There is too much bad news to justify complacency. There is too much good news to justify despair. – Donella Meadows
“It ain’t what you don’t know that gets you into trouble. It’s what you know for sure that just ain’t so.” Mark Twain – Author (1835 – 1910)
You may speak of love and tenderness and passion, but real ecstasy is discovering you haven’t lost your keys after all. – The Optimist magazine
I found myself in a pub in Cork, Ireland. A group of American tourists came in.
One of the Americans said, in a loud voice, “I hear you Irish think you’re great drinkers.
I bet $5,000 that no one here can drink 20 pints of Guinness in 30 minutes.”

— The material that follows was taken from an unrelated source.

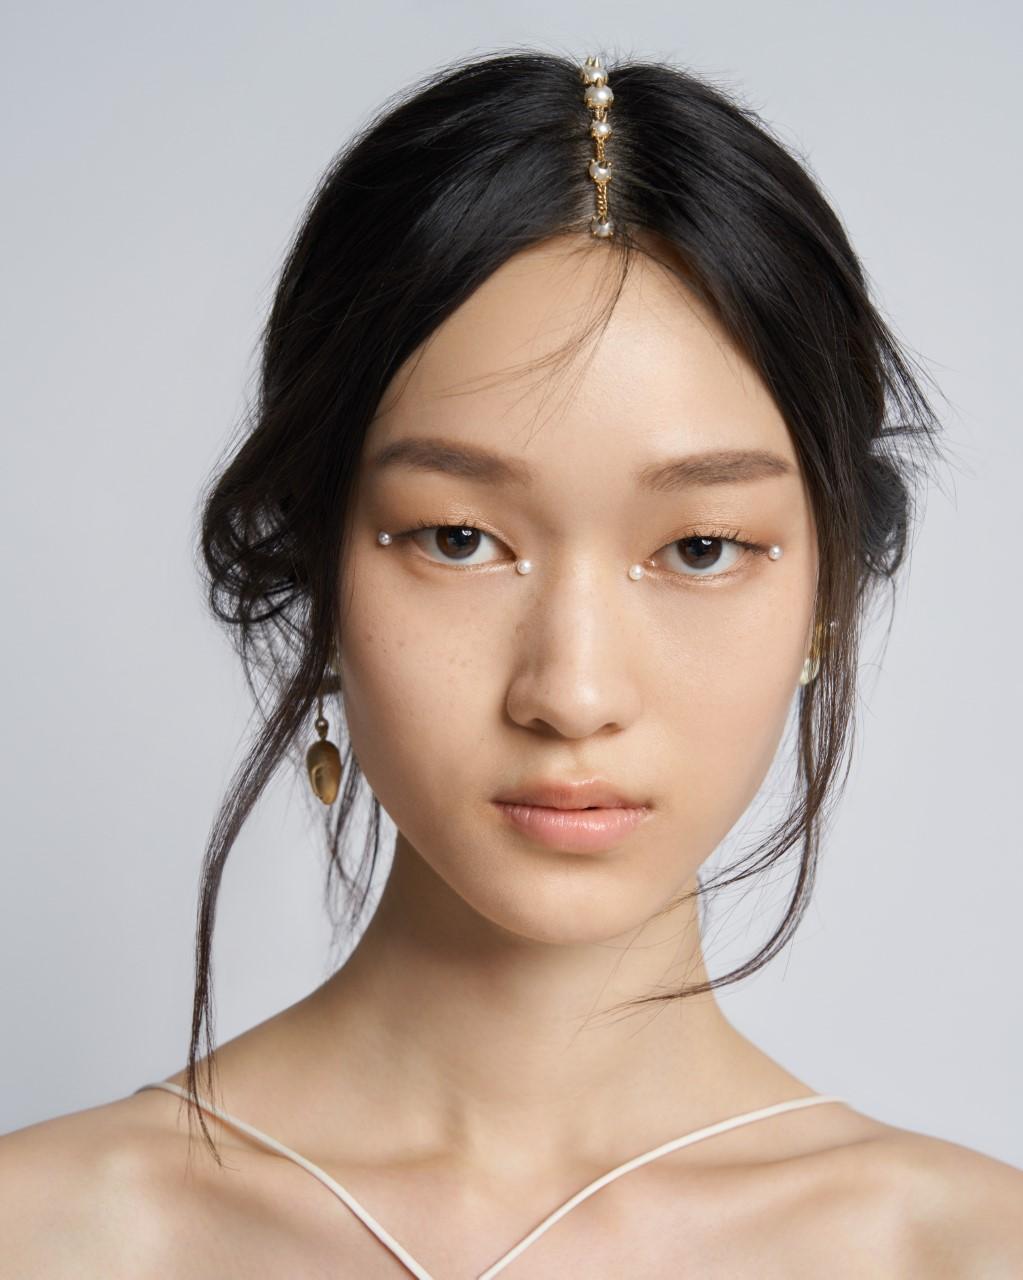 Dior lanza una paleta couture en edición limitada para Dior Cruise 2022

The bar was silent, but the American noticed one Irishman leaving.
No one took up the bet.
40 minutes later, the Irishman who left returned and said, “Hey Yank, is yer bet still on?”
“Sure” said the American, “20 pints in 30 minutes for a bet of $5,000.”
“Grand, ” replied the Irishman, “so pour the pints and start the clock. “
It was very close but the last drop was consumed with 2 seconds to spare.
“OK Yank, pay up.” said the Irishman.
“I’m happy to pay, here’s your money” said the American.
“But tell me, when I first offered the wager, I saw you leave. Where did you go?’
“Well sir”, replied the Irishman, “$5,000 is a lot of money to a man like me. So I went to the pub across the road to see if I could do it.
A graphic illustration of why it does not pay to be greedy.
Those of you who are caught short, sit tight! We have you covered! A rescue team is being assembled as I type and help is on the way!
And while you have nothing better to do, get some pelvic floor exercises in.